What Is TopoJSON?

TopoJSON is an extension of GeoJSON developed by Mike Bostock (creator of D3.js). While GeoJSON represents each geographic feature independently with its own geometry, TopoJSON encodes topology — the shared boundaries and relationships between adjacent features are stored only once, dramatically reducing file size and enabling new analytical possibilities.

The Core Difference: Topology vs. Geometry

In GeoJSON, if France and Germany share a border, that border segment is stored twice — once in France's polygon coordinates and once in Germany's. For a dataset of all world countries, every shared border is duplicated.

In TopoJSON, shared line segments (called arcs) are stored in a central arcs array. Each geometry then references those arcs by index rather than repeating coordinates. This means a shared border is stored exactly once, regardless of how many features use it.

How Much Smaller Is TopoJSON?

The size reduction depends on the dataset, but for political boundary data with many shared borders, TopoJSON files are typically 60–80% smaller than equivalent GeoJSON files. For example, a detailed world countries GeoJSON at 700 KB might compress to under 150 KB as TopoJSON.

Additionally, TopoJSON files compress extremely well with gzip because the arc structure is highly repetitive, so gzipped TopoJSON can be remarkably compact for browser delivery.

TopoJSON File Structure

A TopoJSON object looks quite different from GeoJSON:

{
  "type": "Topology",
  "objects": {
    "countries": {
      "type": "GeometryCollection",
      "geometries": [
        {
          "type": "Polygon",
          "arcs": [[0, 1, 2]],
          "properties": { "name": "France" }
        }
      ]
    }
  },
  "arcs": [
    [[100, 0], [50, 50], [0, 100]],
    [[0, 100], [100, 200]],
    [[100, 200], [100, 0]]
  ],
  "transform": {
    "scale": [0.001, 0.001],
    "translate": [-180, -90]
  }
}

Key structural elements:

  • objects: Named layers of geometry collections (you can have multiple layers in one file).
  • arcs: The shared coordinate sequences, stored as delta-encoded integers (relative to the previous point) after quantization.
  • transform: A scale and translate used to convert quantized integer coordinates back to real-world values.

Quantization and Simplification

TopoJSON uses quantization — converting floating-point coordinates to integers on a fixed grid — which both reduces precision (in a controlled way) and enables delta encoding for further compression.
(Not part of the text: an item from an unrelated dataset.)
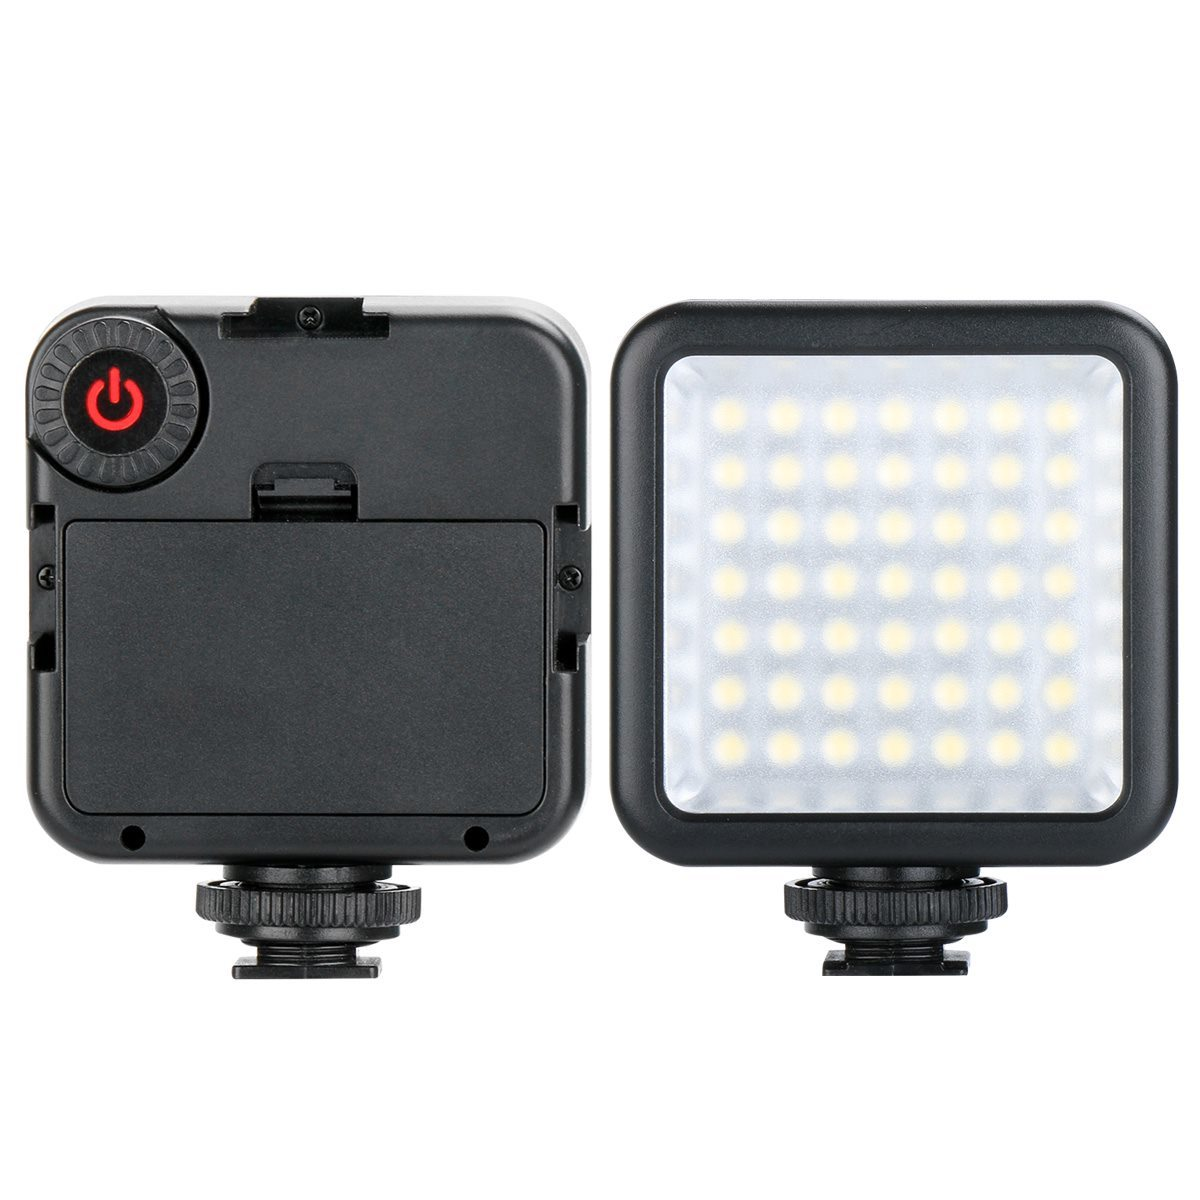 Zhiyun аксессуары Свет фонарь W49 LED для стабилизаторов Zhiyun Smooth 4 и DJI Osmo Mobile 2 свет_w49_2.jpg
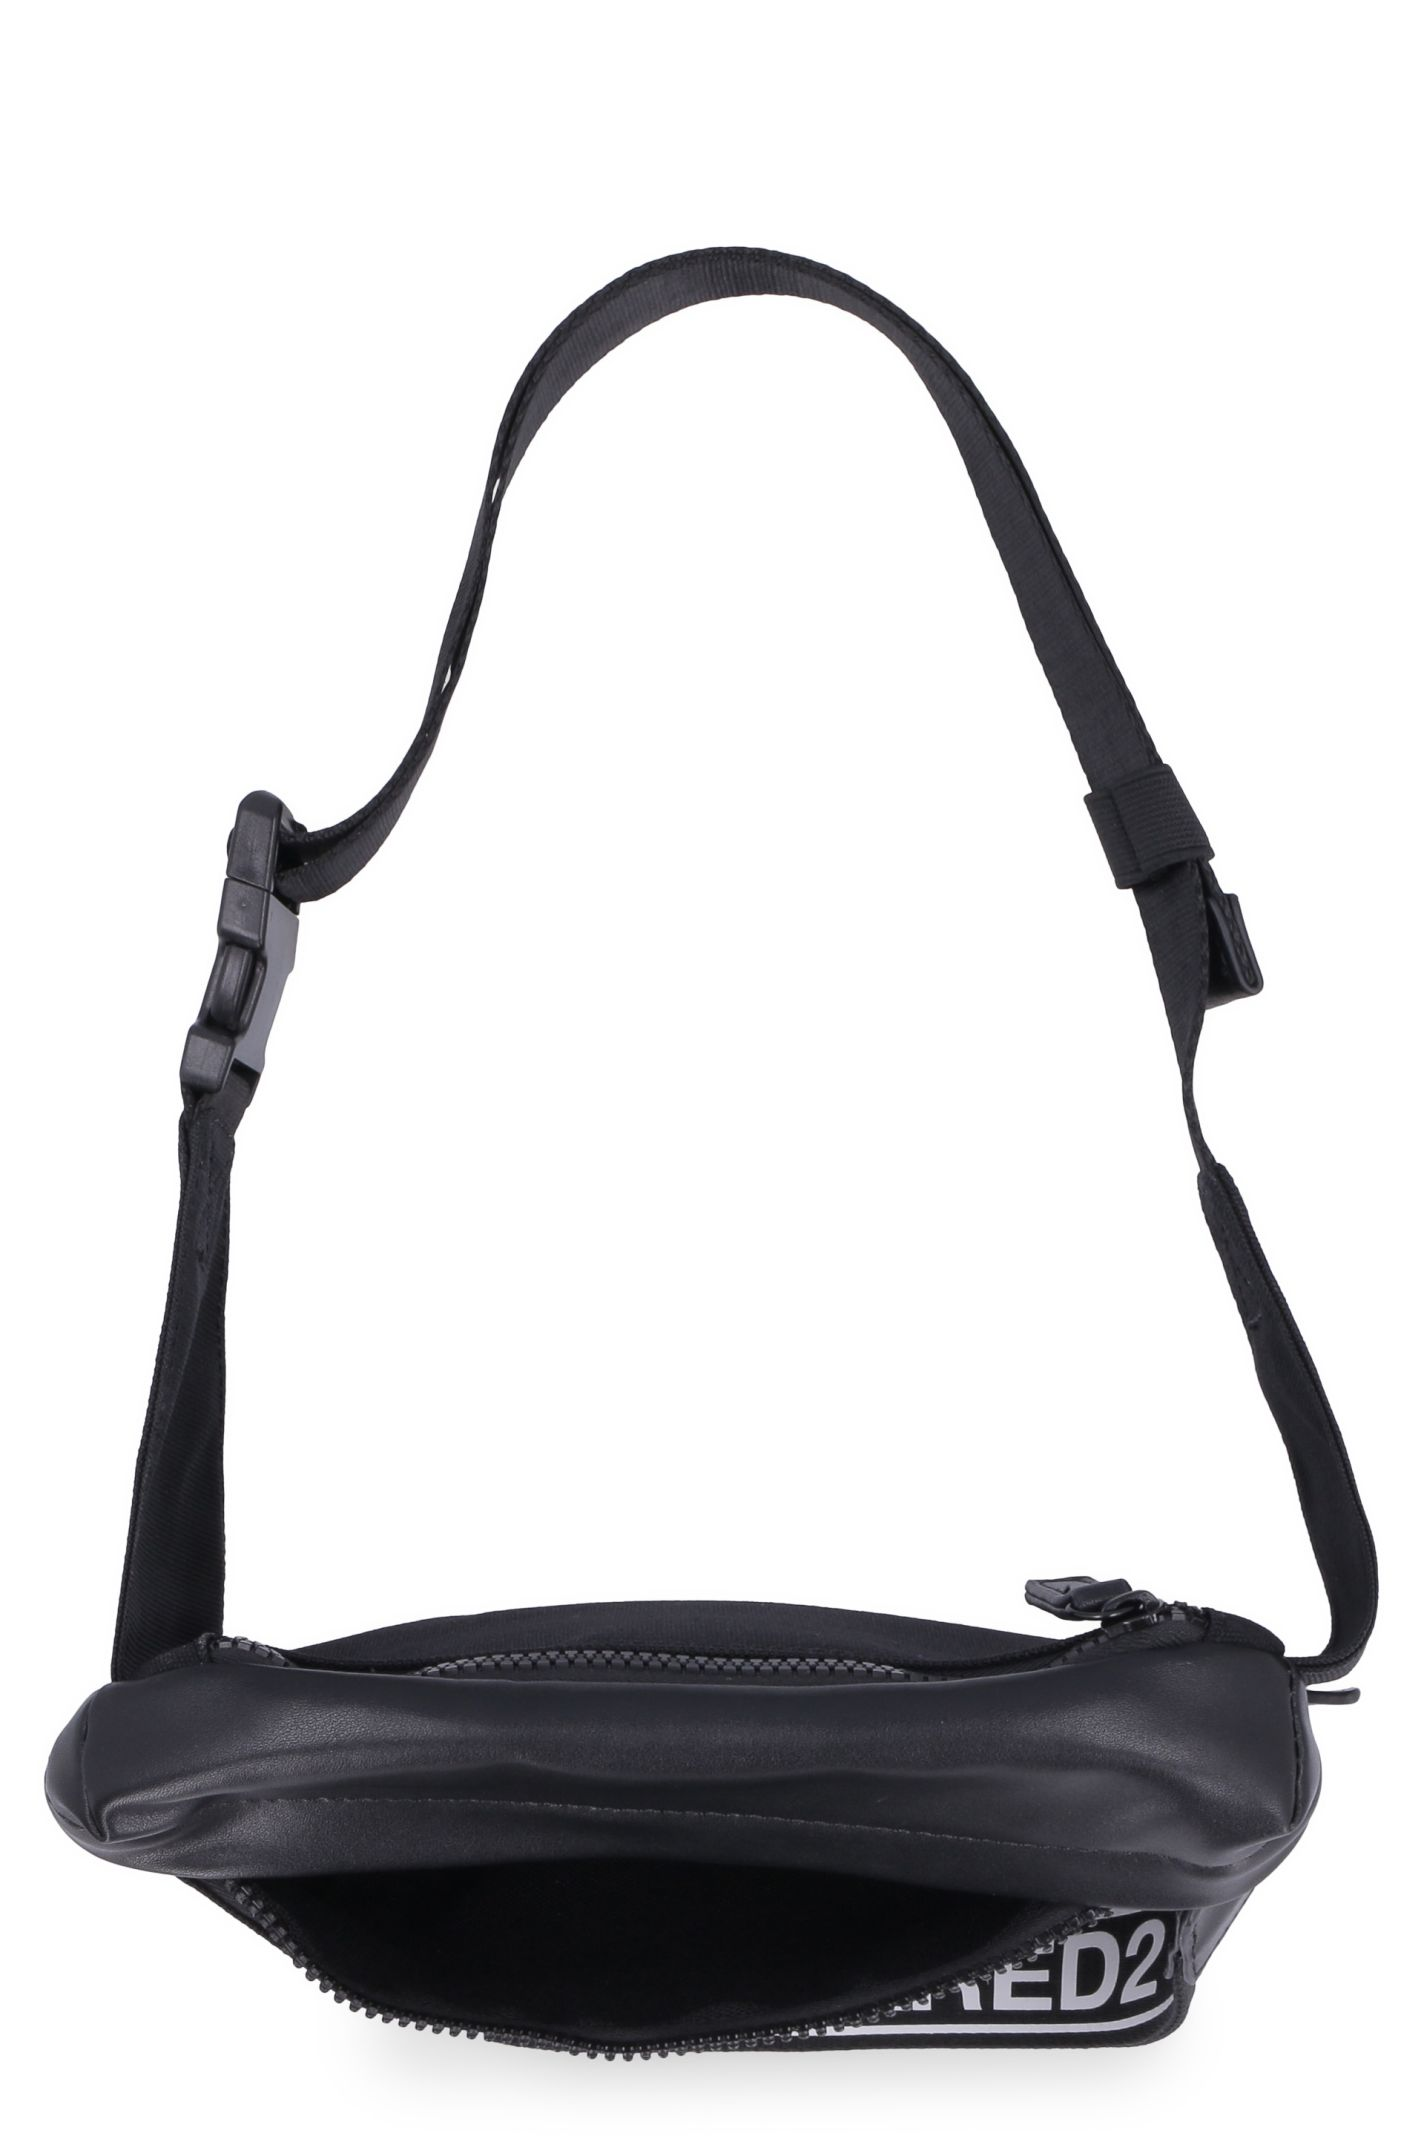 61b232956cd Dsquared2 Dsquared2 Nylon Belt Bag With Leather Details - black ...

The default quantization of 10,000 is fine for most web maps; increase it if you need sub-meter precision.

Because TopoJSON understands shared boundaries, it can also simplify geometries while preserving topological consistency — adjacent polygons continue to share clean borders even after simplification, without gaps or overlaps. This is something GeoJSON simplification tools cannot guarantee.

Working with TopoJSON

Converting GeoJSON to TopoJSON

The official command-line tool is topojson (via npm):

# Install
npm install -g topojson

# Convert
geo2topo countries.geojson > countries.topojson

# With quantization and simplification
geo2topo -q 10000 countries.geojson | toposimplify -p 0.001 > simplified.topojson

Using TopoJSON in the Browser

To render TopoJSON in Leaflet or Mapbox GL JS, you first convert it back to GeoJSON using the topojson-client library:

import * as topojson from 'topojson-client';

const response = await fetch('countries.topojson');
const topology = await response.json();

// Convert a named object back to a GeoJSON FeatureCollection
const geojson = topojson.feature(topology, topology.objects.countries);

// Use with Leaflet
L.geoJSON(geojson).addTo(map);

Merging and Meshing

TopoJSON's topological awareness enables two powerful operations:

  • topojson.merge(topology, geometries) — dissolves shared borders between selected features, creating a union polygon. Great for building region aggregations.
  • topojson.mesh(topology, object, filter) — extracts just the boundary lines (e.g., only interior borders between countries, not coastlines), useful for lightweight border overlays.

Comparison Summary

GeoJSONTopoJSON
File sizeLarger60–80% smaller
Human-readableEasilyHarder to read raw
Browser supportNativeRequires topojson-client
Topology-aware simplificationNoYes
Multiple layers in one fileNoYes
Best forAPIs, general useData visualization, D3.js

When to Use TopoJSON

  • You're building a D3.js data visualization with political boundaries or choropleth maps.
  • File size is a concern — you're serving large boundary datasets over the web.
  • You need to dissolve or merge adjacent features programmatically (e.g., aggregate counties into states).
  • You want topologically consistent simplification without gaps between polygons.

For general-purpose APIs, mobile apps, and server-side data exchange, GeoJSON remains the better default. But for sophisticated cartographic web applications, TopoJSON is an invaluable tool.